Could you retype the records below exactly as they appear, skipping any pictures?

Top of Study material

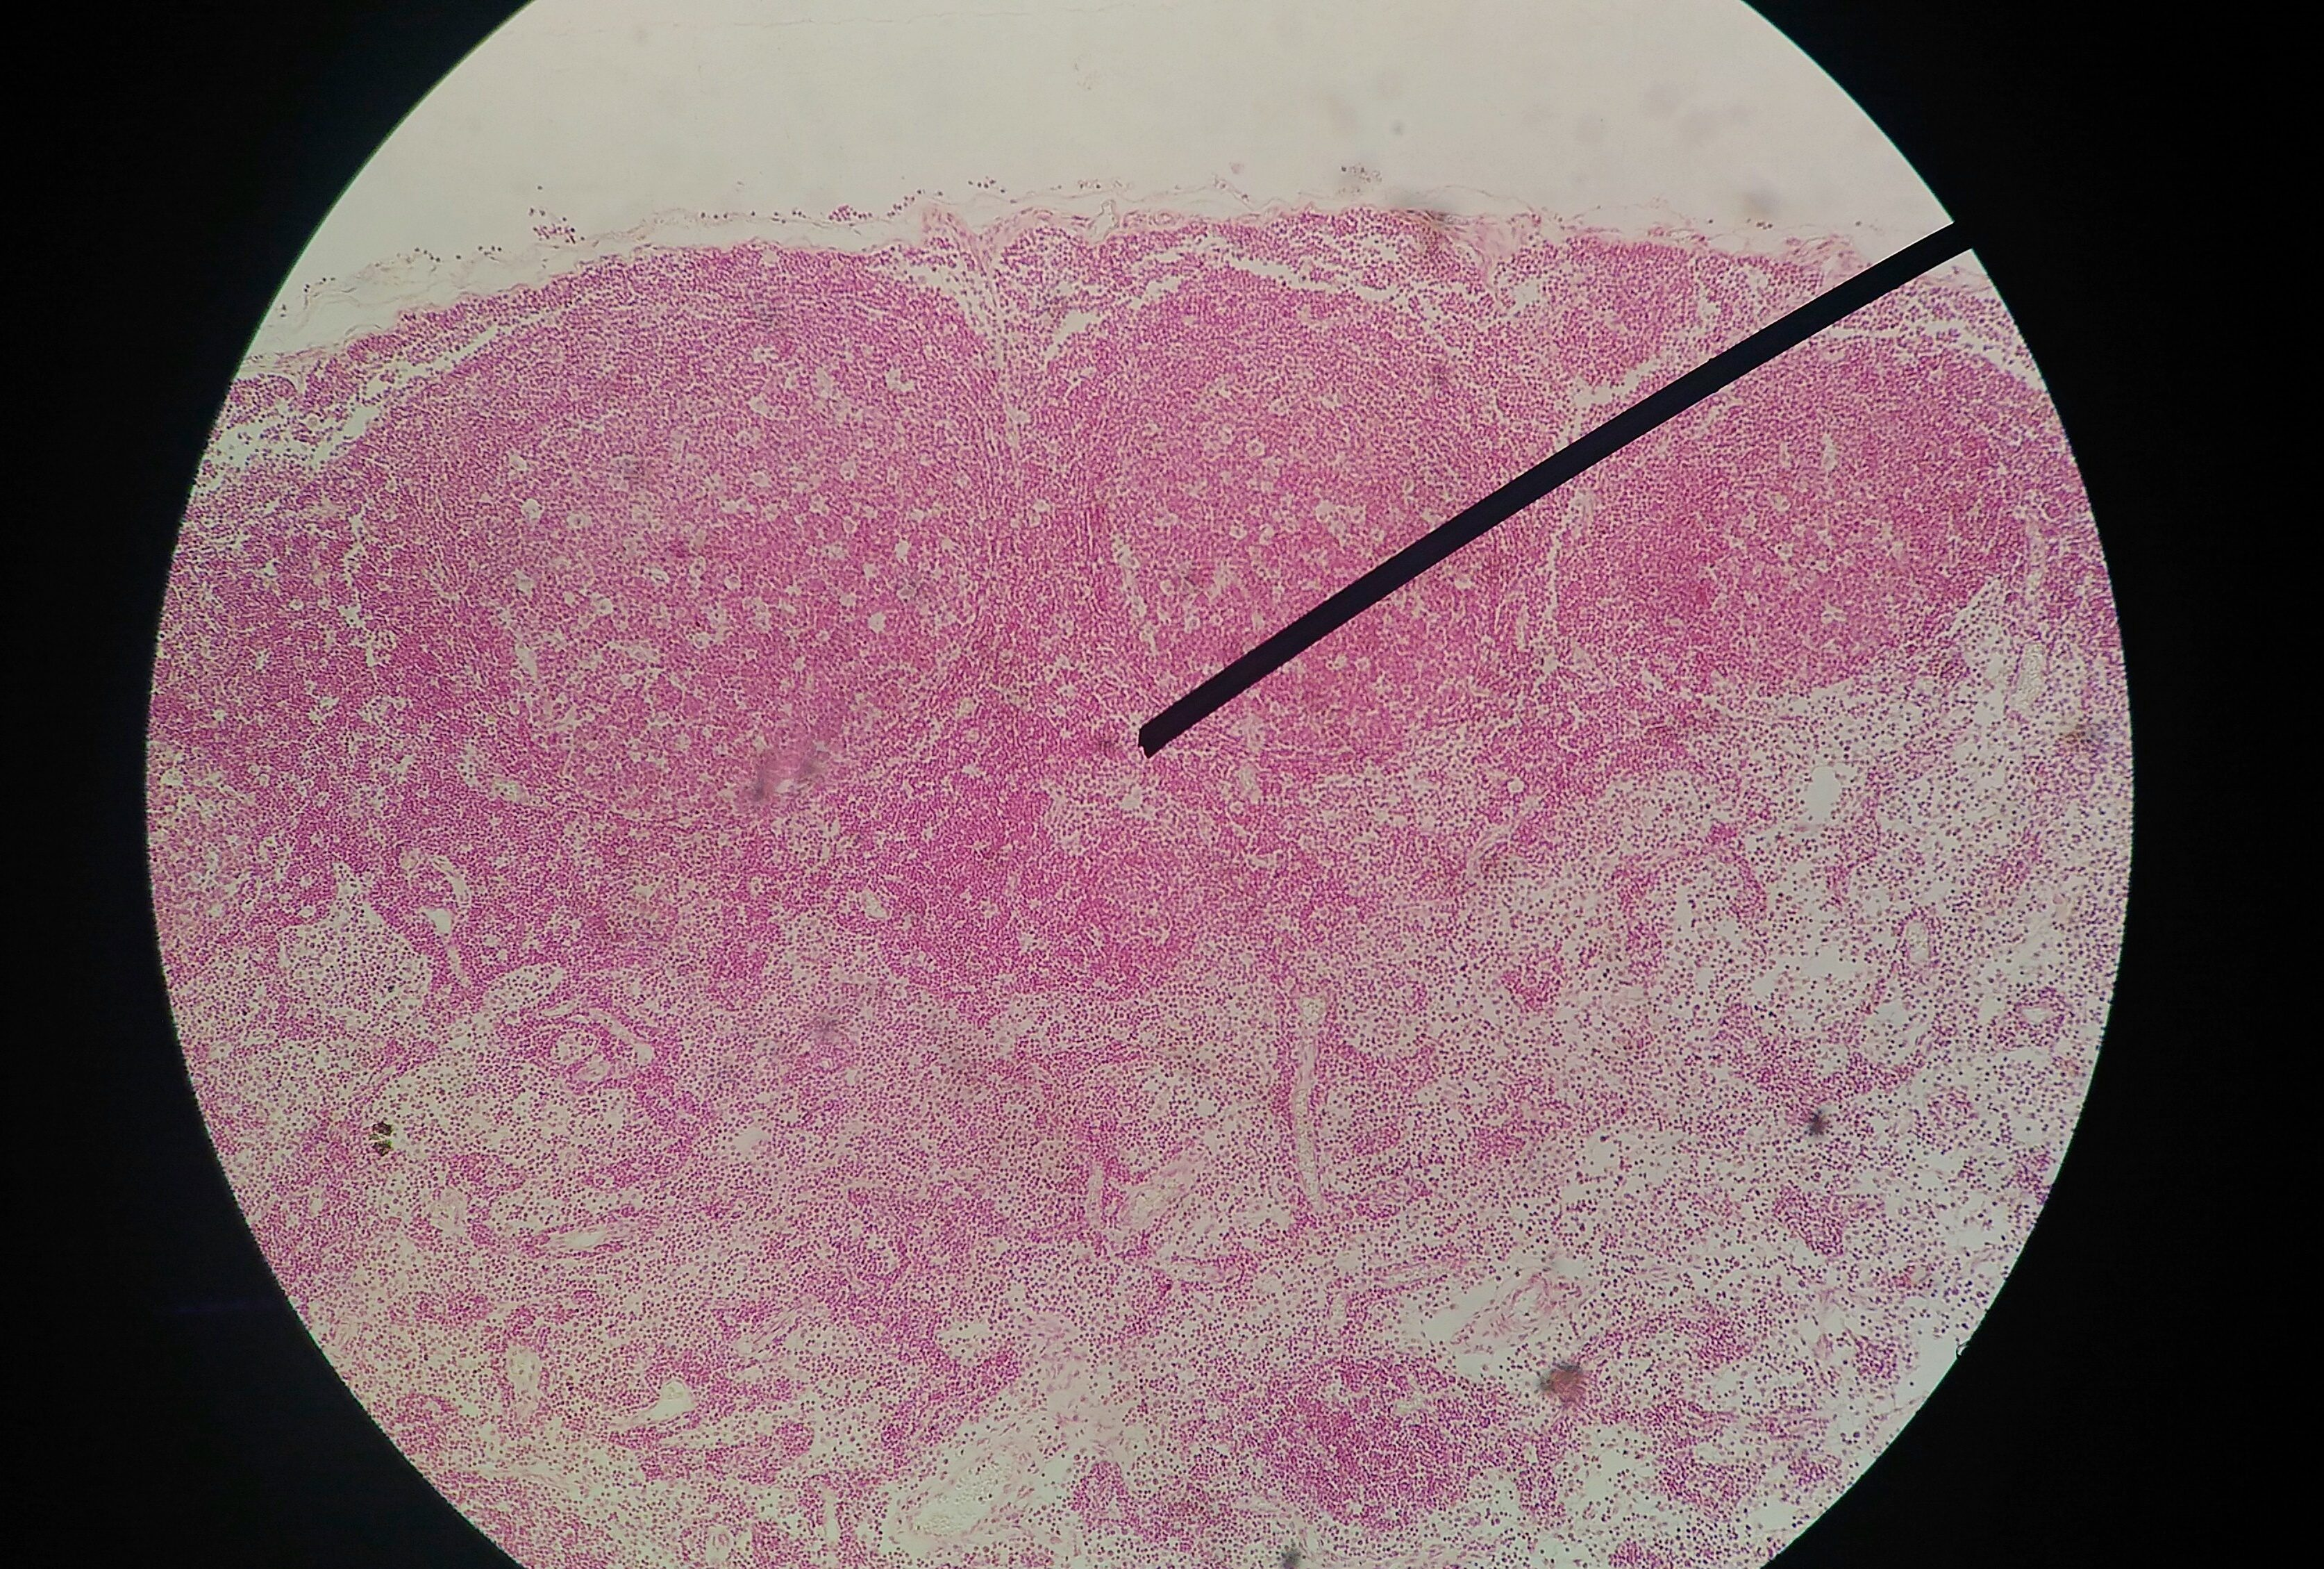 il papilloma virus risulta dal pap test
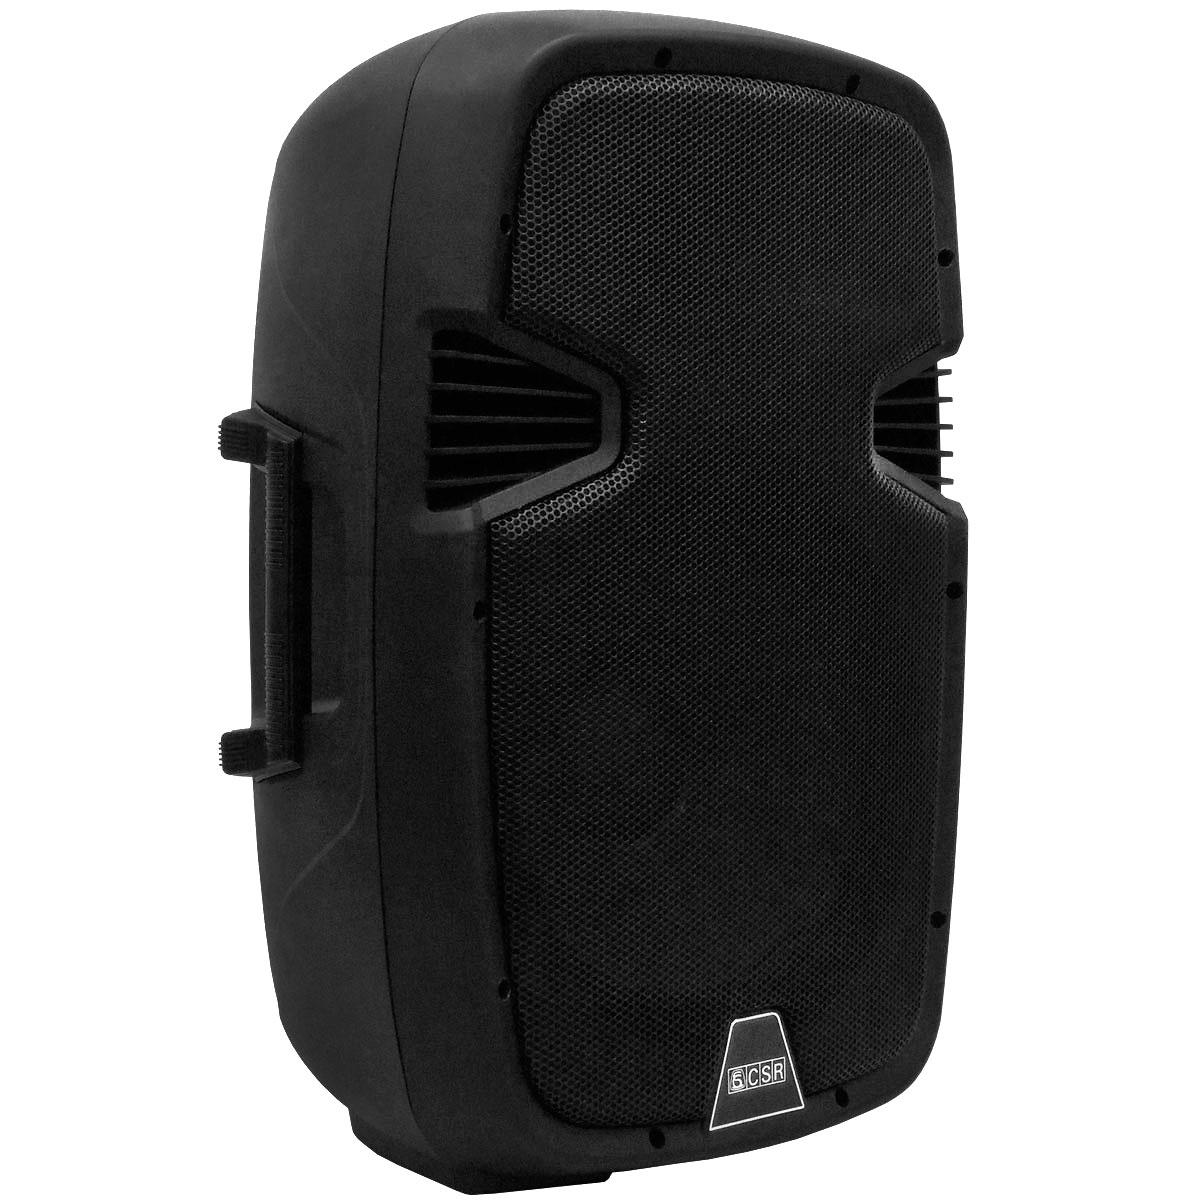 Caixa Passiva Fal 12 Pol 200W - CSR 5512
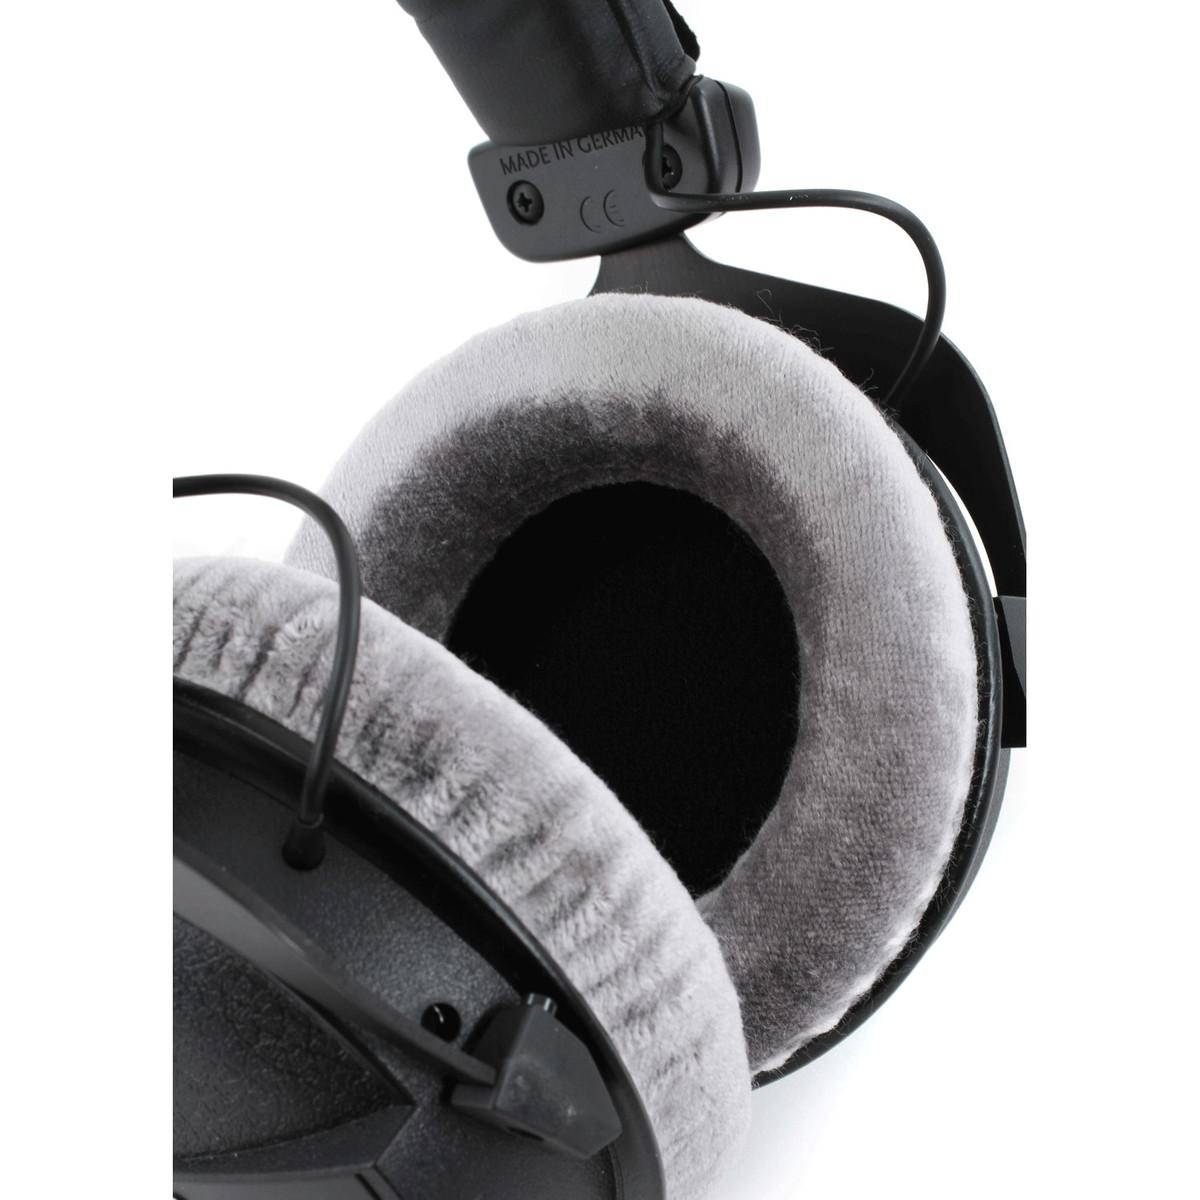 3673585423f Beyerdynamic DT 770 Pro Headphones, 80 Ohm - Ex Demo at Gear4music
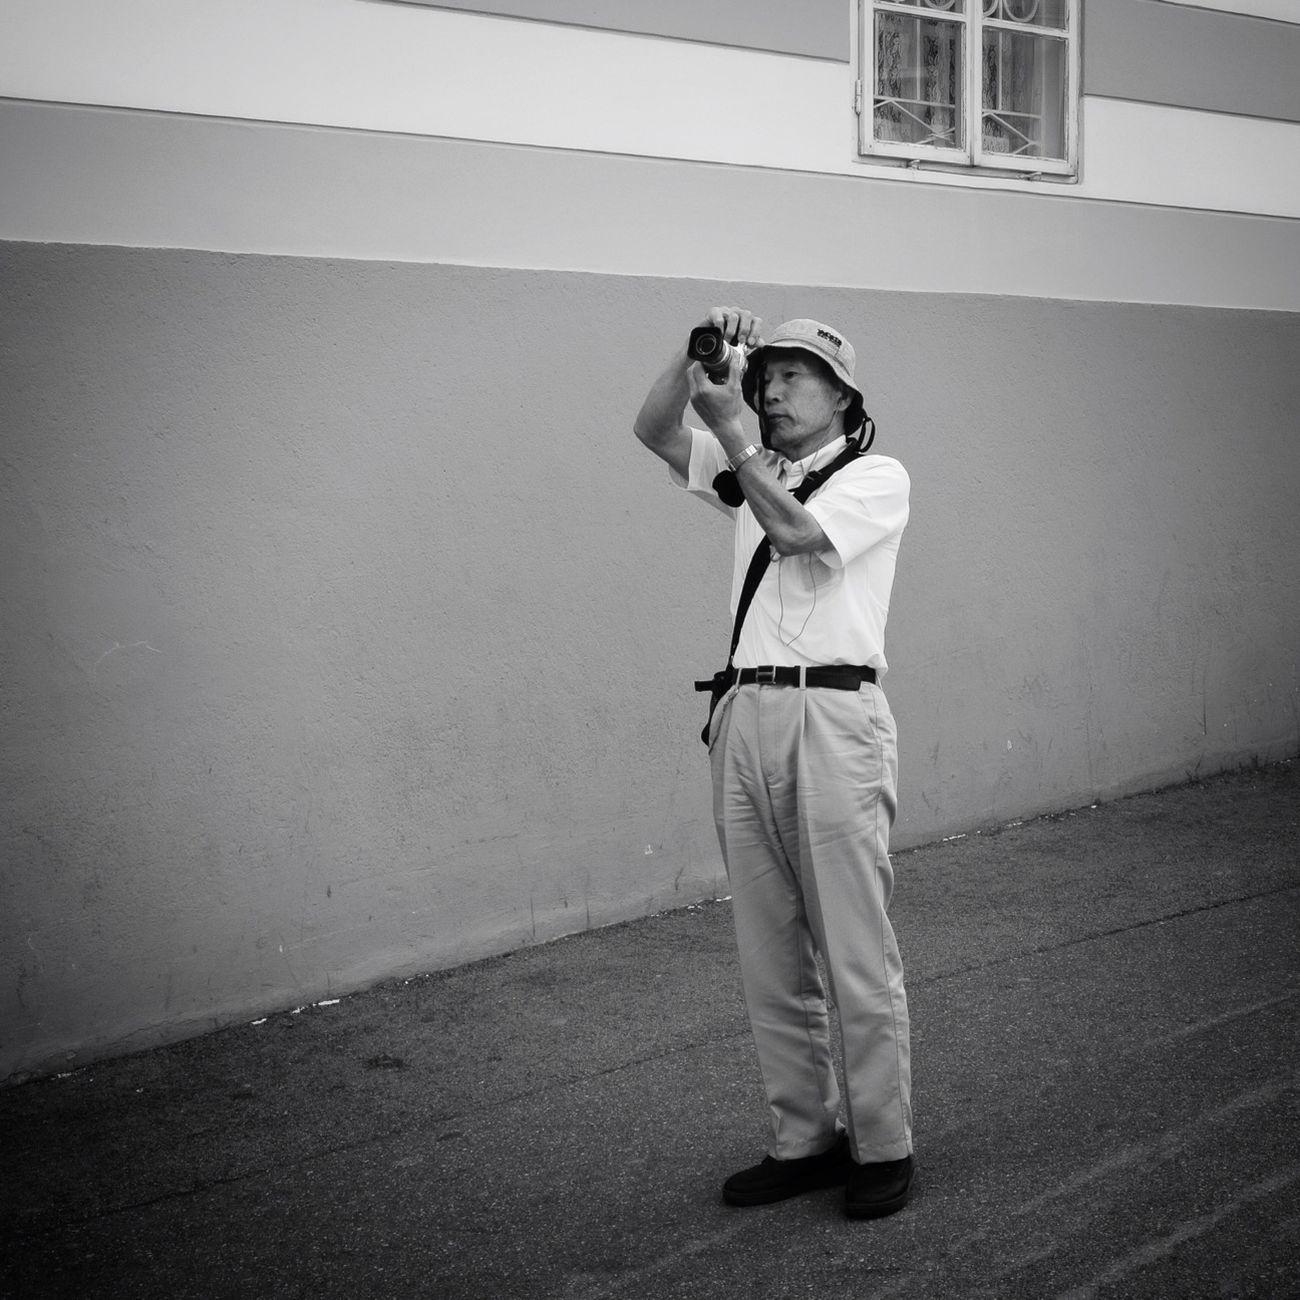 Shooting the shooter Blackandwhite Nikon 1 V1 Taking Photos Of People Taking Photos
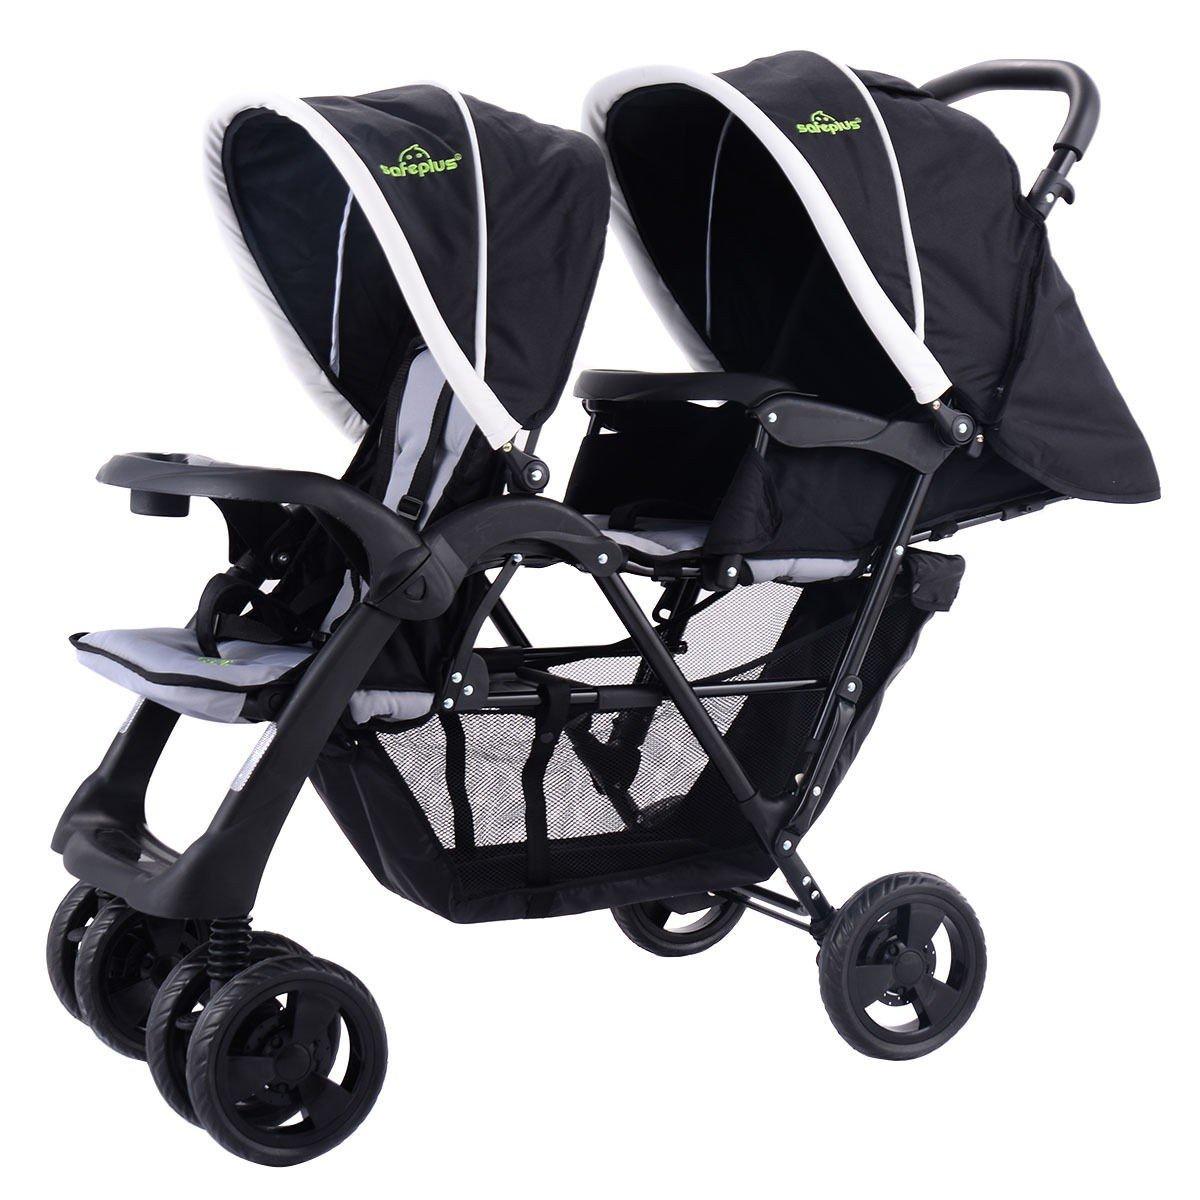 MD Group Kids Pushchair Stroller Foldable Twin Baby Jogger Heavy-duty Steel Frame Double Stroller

Bottom of Study material

> _Output below_:
 il papilloma virus risulta dal pap test
 Caixa Passiva Fal 12 Pol 200W - CSR 5512
 3673585423f Beyerdynamic DT 770 Pro Headphones, 80 Ohm - Ex Demo at Gear4music
 Shooting the shooter Blackandwhite Nikon 1 V1 Taking Photos Of People Taking Photos
 MD Group Kids Pushchair Stroller Foldable Twin Baby Jogger Heavy-duty Steel Frame Double Stroller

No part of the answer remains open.